The EUR USD posted a strong gain on Thursday after Spain announced that it had sold out $4.3 billion of five-year bonds. The news is evidence that appetite for government debt is still strong and that perhaps the fear of holding European sovereign debt risk may be abating.
Spain had to pay a higher premium to complete this auction, but it was able to place all of its allotment. This news along with the fact that bids exceeded supply by 1.7 times was viewed as a relief for Euro investors especially since Moody’s credit rating service placed Spain’s credit rating under review for a possible downgrade.
The new calm that is working its way through the Euro Zone may have also triggered a huge drop in the gold market. Traders are saying that this move was triggered by the unwinding of Euro-Gold spread trades which were placed when traders bought gold in Euros during the currency crisis. Traders are now taking profits on this trade or cutting losses now that the Euro has begun to rise.

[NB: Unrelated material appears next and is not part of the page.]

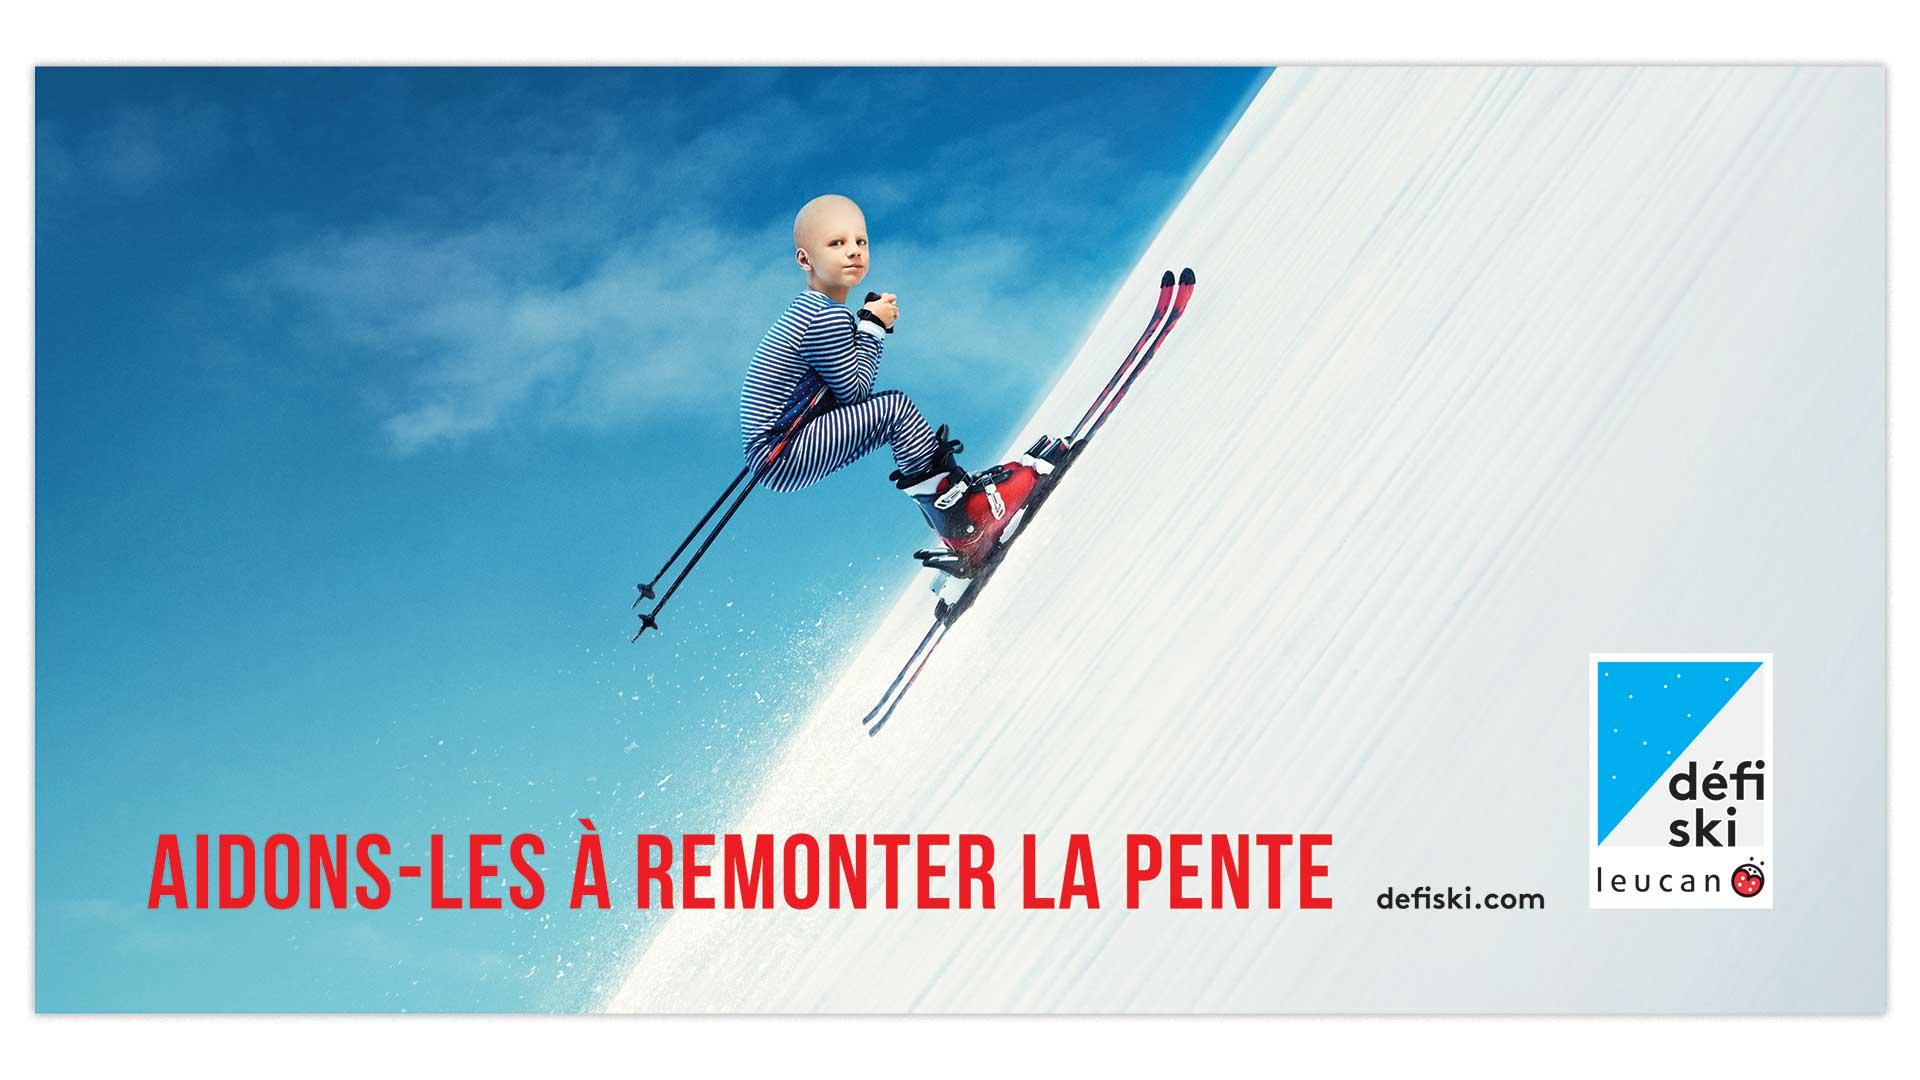 Leucan  Dfi ski  compagnie et cie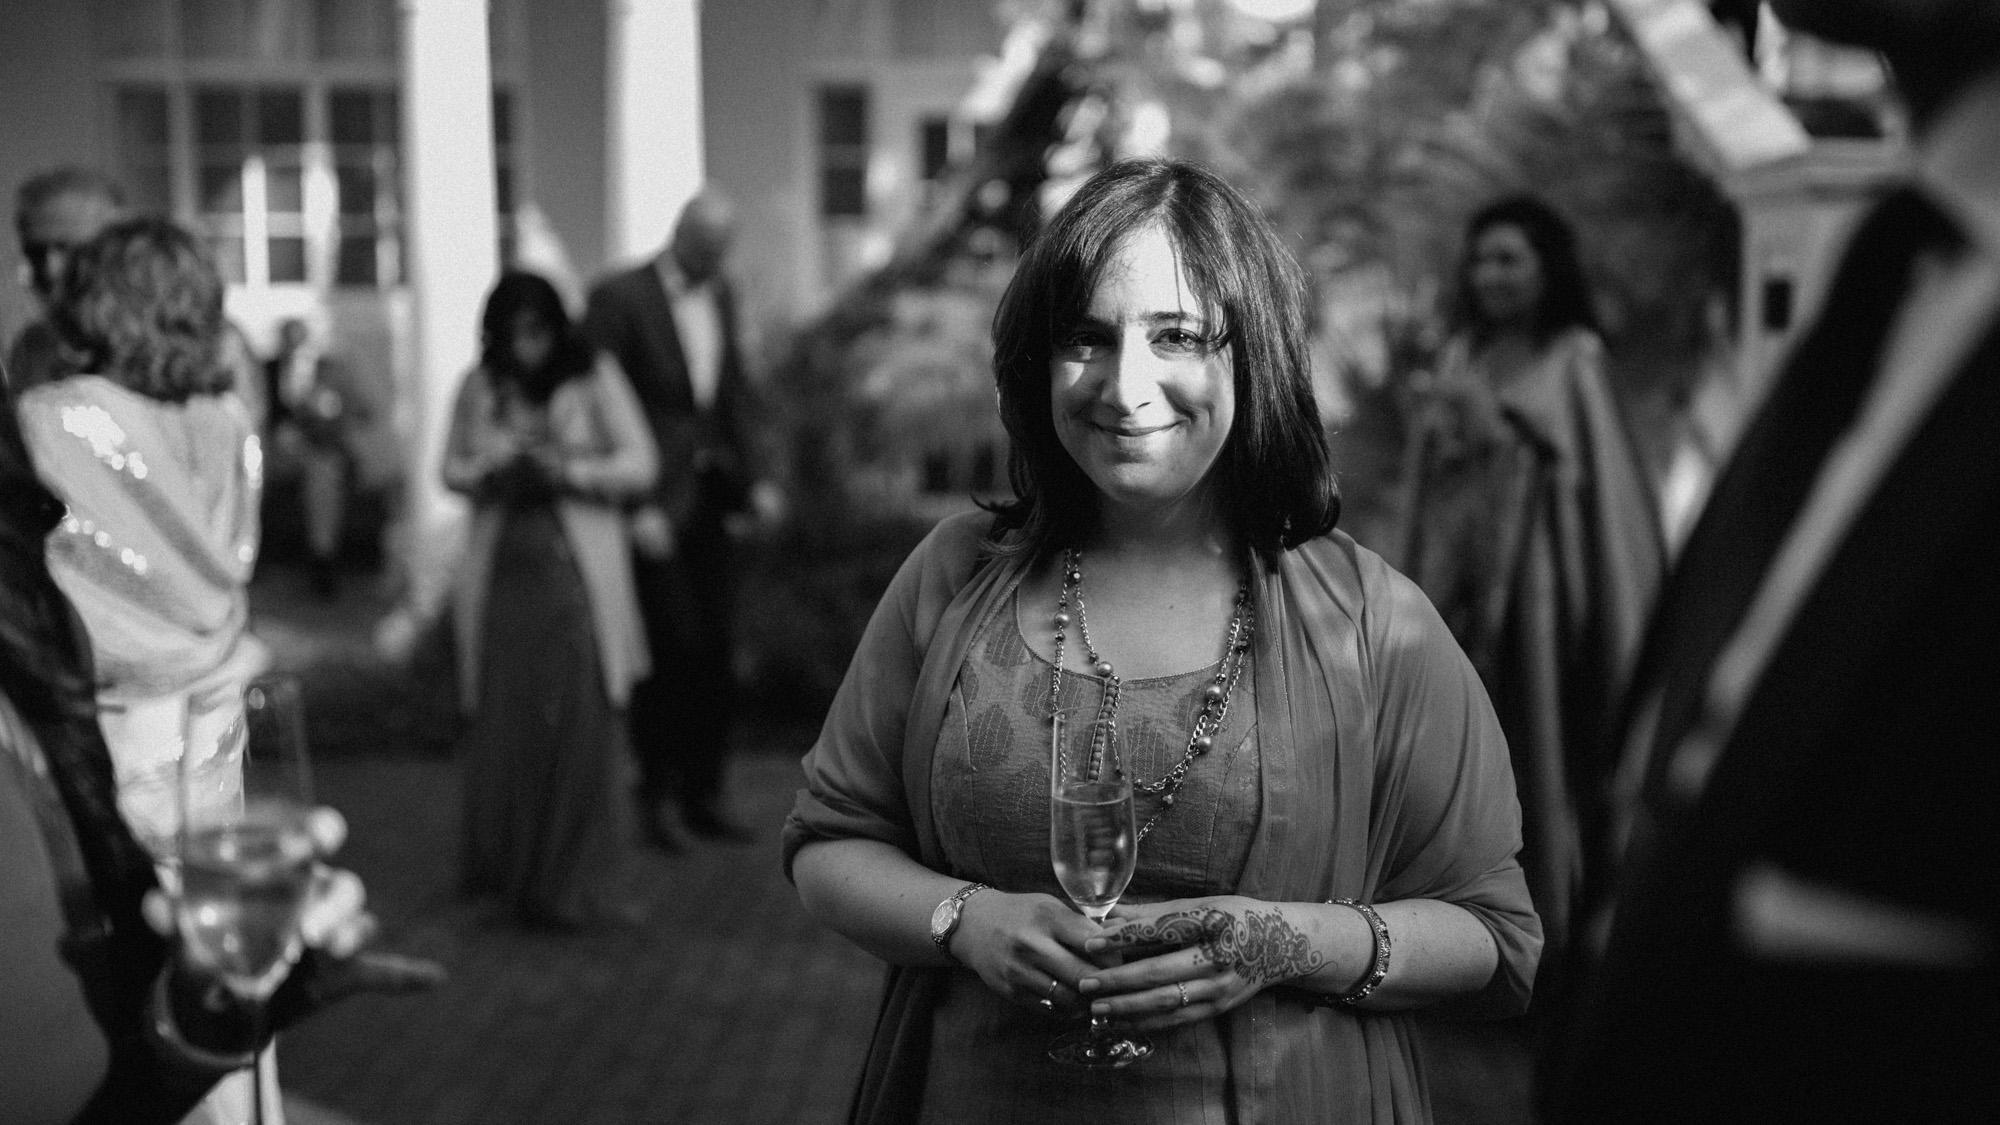 anu_maneesh_alec_vanderboom_Indian_wedding_photography-0123.jpg

The ensuing short-covering rally in the Euro after the good news from Spain helped drive the market through the last two main tops on the daily chart at 1.2397 and 1.2467. Now that these two barriers have been taken out then it should be “off to the races” as the move through these two levels also took out a pair of downtrending Gann angles which had acted as resistance since April.
The charts indicate that upside momentum may be strong enough to trigger a huge short-covering rally. Further analysis shows that a major 50%/61.8% price cluster at 1.2782 is the most likely major upside target.
Closing price reversal bottoms in the commodity-linked Australian and New Zealand Dollars could be indicating that traders are getting ready to put risk back on the table. Bearish traders in these two markets point out that today’s rallies had nothing to do with risk but rather with technical buying after downside objectives were reached following sharp sell-offs. Furthermore, traders note that short-sellers were encouraged to buy back positions ahead of Friday’s U.S. Non-Farm Payrolls Report.